What asynchronous audio emulation does is a bit more complicated: when the DSP gets commands, it completely ignores the commands and just copies the list of data blocks. It then sends an interrupt to signal that it’s done. In the background, it will use these data blocks to mix audio and send it directly to the audio output backend of the emulator, bypassing most of the standard audio processing path. If the emulated CPU tries to read the sound data that the DSP was supposed to copy to RAM, it will read garbage. But because the data blocks processing is not tied to the CPU sending us commands, it doesn’t care about the emulated CPU speed and can just run at 660full speed all the time.
If this doesn’t sound wrong enough to you, let’s take a few examples of why this actually does not work in practice.
AUX processing is a feature of the DSP program that allows the CPU to apply audio effects on the sounds. It is implemented using DSP commands to download and upload data to the CPU in order for the CPU to process it while the DSP is working on something else. AUX is used for several very common audio effects: echo, reverb, chorus, …
This simply cannot work with asynchronous audio processing: first of all, the DSP<->CPU communication is obviously impossible (they don’t run in sync anymore), but also all of the AUX code is implemented to handle a fixed number of samples, which matches how much samples the DSP handles at a time (32×5, for 5ms at 32KHz). Let’s compare how some games sound like with and without AUX effects applied:
Without AUX processing
With AUX processing
I think the music speaks by itself.
Games requiring tight timing
This issue with asynchronous audio processing is actually what made me start rewrite the DSP emulation code in Dolphin (see this commit from November 2012). Basically, as the DSP is engineered to handle 5ms of sound at a time, game developers use this in order to time when sounds should start and stop in order to make music from small samples of instruments. But a 5ms accuracy is often not enough: for that, the DSP provides a feature called “sub-5ms updates”, with which you can specify some slight changes to be made on the sound data blocks for each millisecond.
Fail to emulate that properly, and games become confused when the changes they requested the DSP to make are not done.

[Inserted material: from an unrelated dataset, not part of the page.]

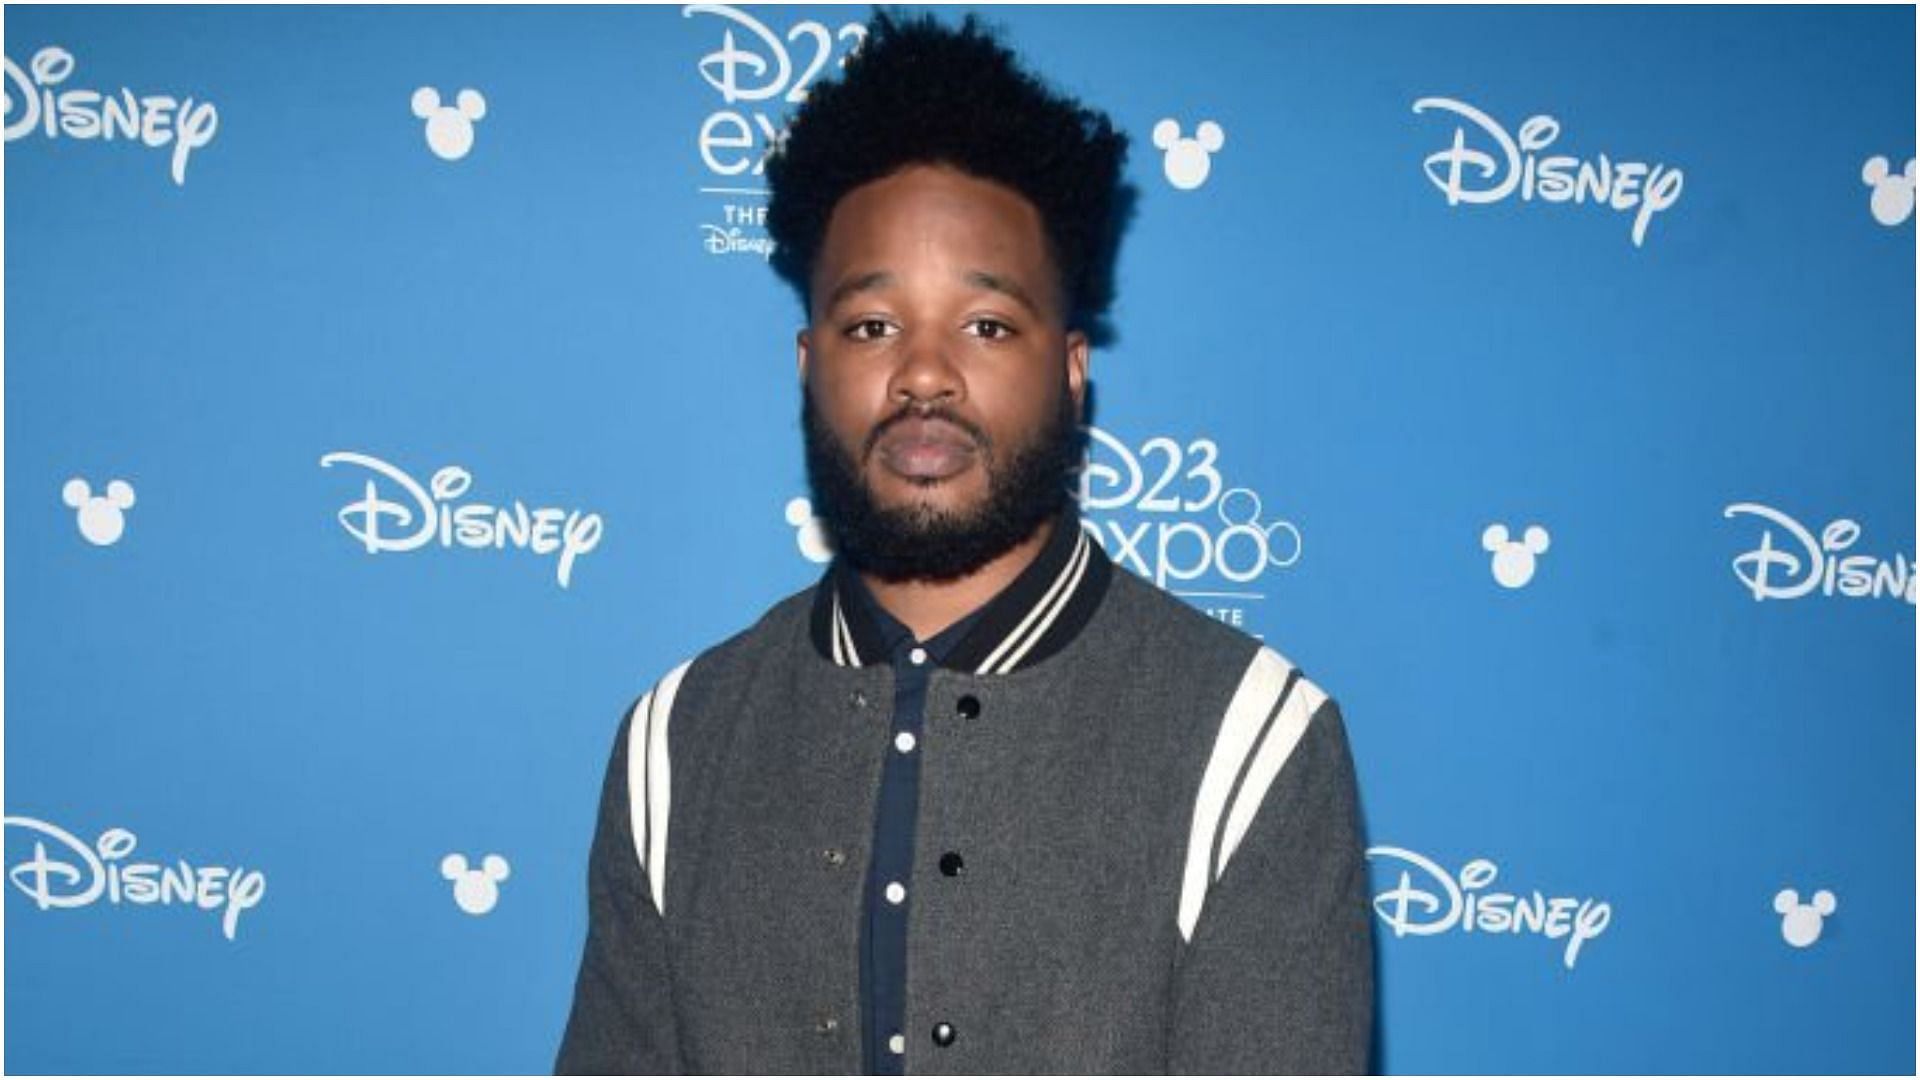 Ryan Coogler was detained in January 2022 after being mistaken for a bank robber (Image via Alberto E. Rodriguez/Getty Images)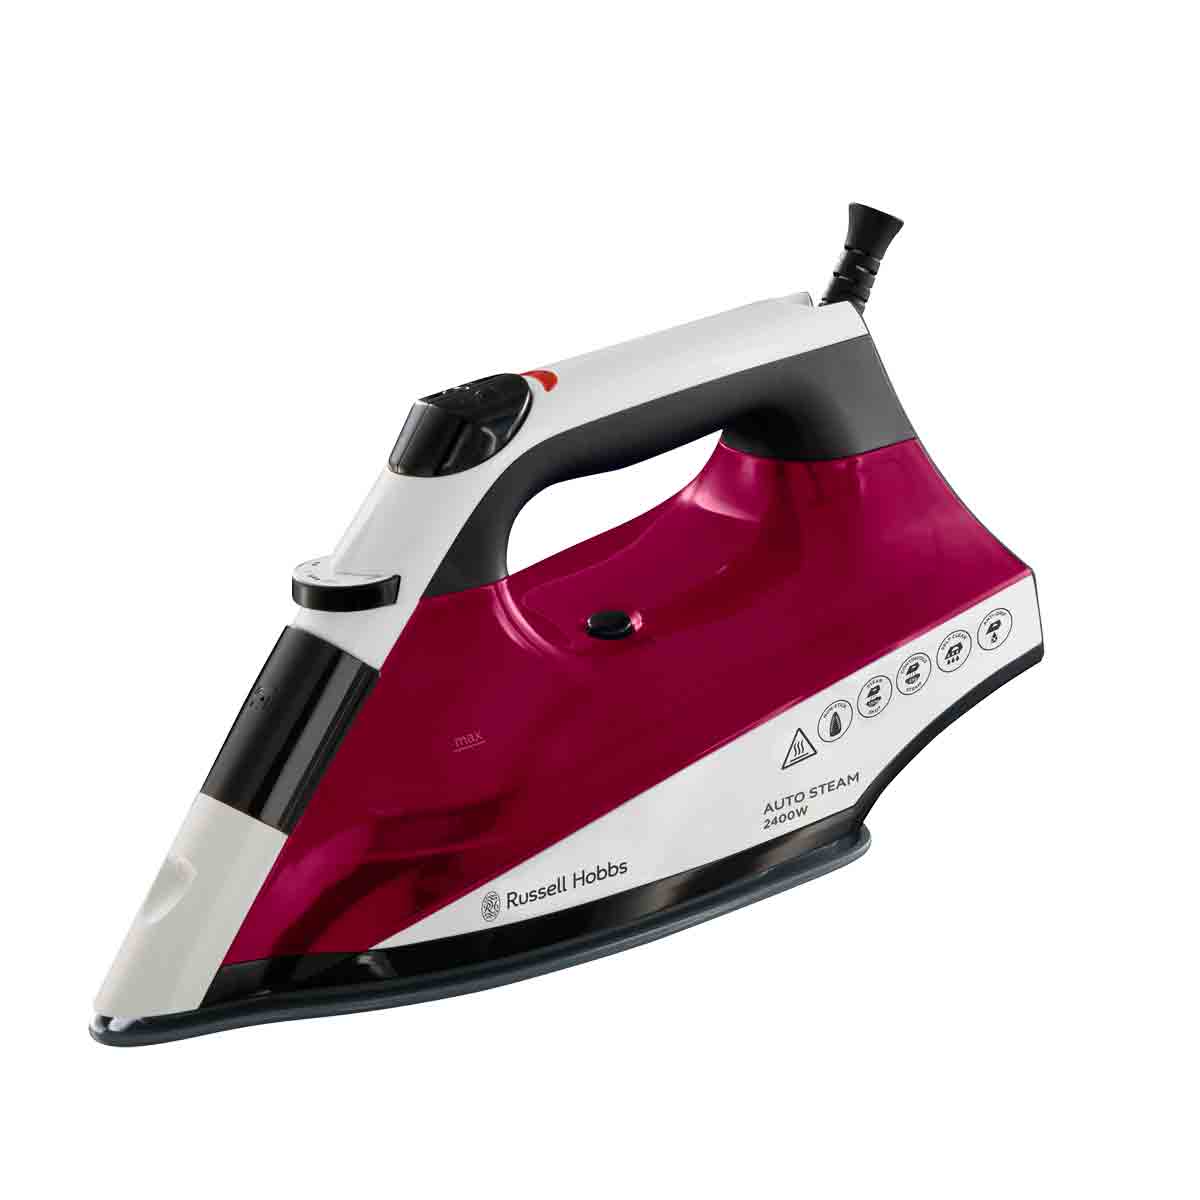 Russell Hobbs 22520 2400W Auto Steam Iron - Red

Games using the sound processing status to trigger events
This is a bug that is not fixed yet because it mostly impacts games using another DSP program (called the “Zelda” program, because it’s mostly used by Zelda games). Basically, some games wait for sounds to be completed before triggering an event. When the sound processing is done asynchronously, the game might miss the moment when the sound has finished playing (because it went too fast compared to the emulated CPU speed) and just freeze. Or it might not notice that it needs to start a new music track, and the music completely stops, leaving you in a mostly silent world.
Once again: there is no way to fix that with asynchronous audio processing, this is a direct consequence of how it works.
A lot of people are still requesting asynchronous audio processing in Dolphin because their computer is too slow to emulate games at full speed. They assume that developers are being lazy by not implementing what they think is best. The truth is: asynchronous audio processing causes way too much problems to be worth spending our time on. It’s not easy to implement it besides the current audio emulation code either, and some features simply can’t work with it (Wiimote sound on the Wii, for example). I hope this article will help explain why asynchronous audio emulation is broken and why we don’t want it in our emulator anymore.